Scientific classification
- Kingdom: Plantae
- Clade: Tracheophytes
- Clade: Angiosperms
- Clade: Eudicots
- Clade: Asterids
- Order: Asterales
- Family: Asteraceae
- Genus: Lactuca
- Species: L. ludoviciana
- Binomial name: Lactuca ludoviciana (Nutt.) Riddell 1835
- Synonyms: Galathenium ludovicianum (Nutt.) Nutt.; Lactuca campestris Greene; Sonchus ludovicianus Nutt. 1818;

= Lactuca ludoviciana =

- Genus: Lactuca
- Species: ludoviciana
- Authority: (Nutt.) Riddell 1835
- Synonyms: Galathenium ludovicianum (Nutt.) Nutt., Lactuca campestris Greene, Sonchus ludovicianus Nutt. 1818

Species of lettuce

Lactuca ludoviciana, the biannual lettuce, is a North American species of wild lettuce. It is widespread across much of central and western Canada and the western and central United States from Ontario west to British Columbia and south to Louisiana, Texas, and California. Most of the known populations are on the Great Plains; populations west of there may well represent naturalizations.

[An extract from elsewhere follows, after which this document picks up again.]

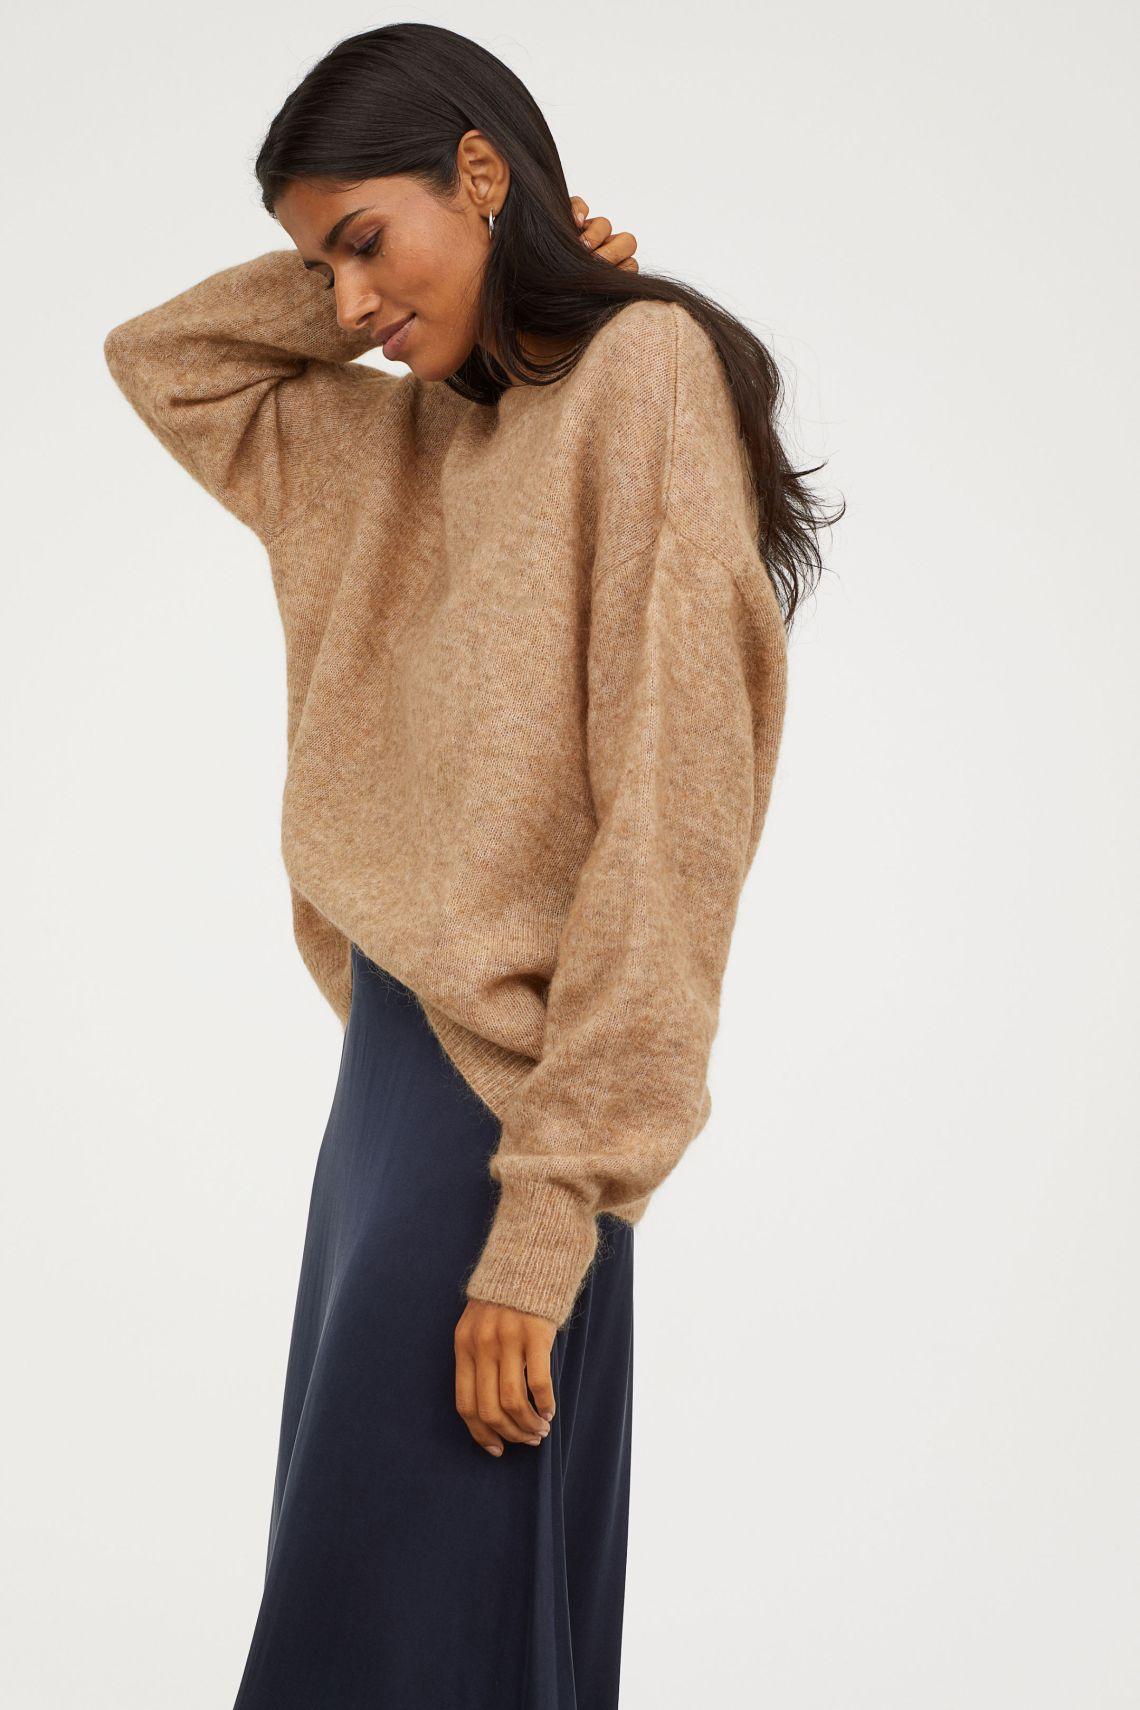 H+M Mohair Blend Sweater

Lactuca ludoviciana is a biennial herb in the dandelion tribe within the daisy family growing from a taproot a height of up to 150 cm (5 feet). The top of the stem bears a multibranched inflorescence with many flower heads. Each head contains 20-50 yellow ray florets but no disc florets.

It has been seen to hybridize wildly with Lactuca canadensis, and it is difficult to differentiate between the two species.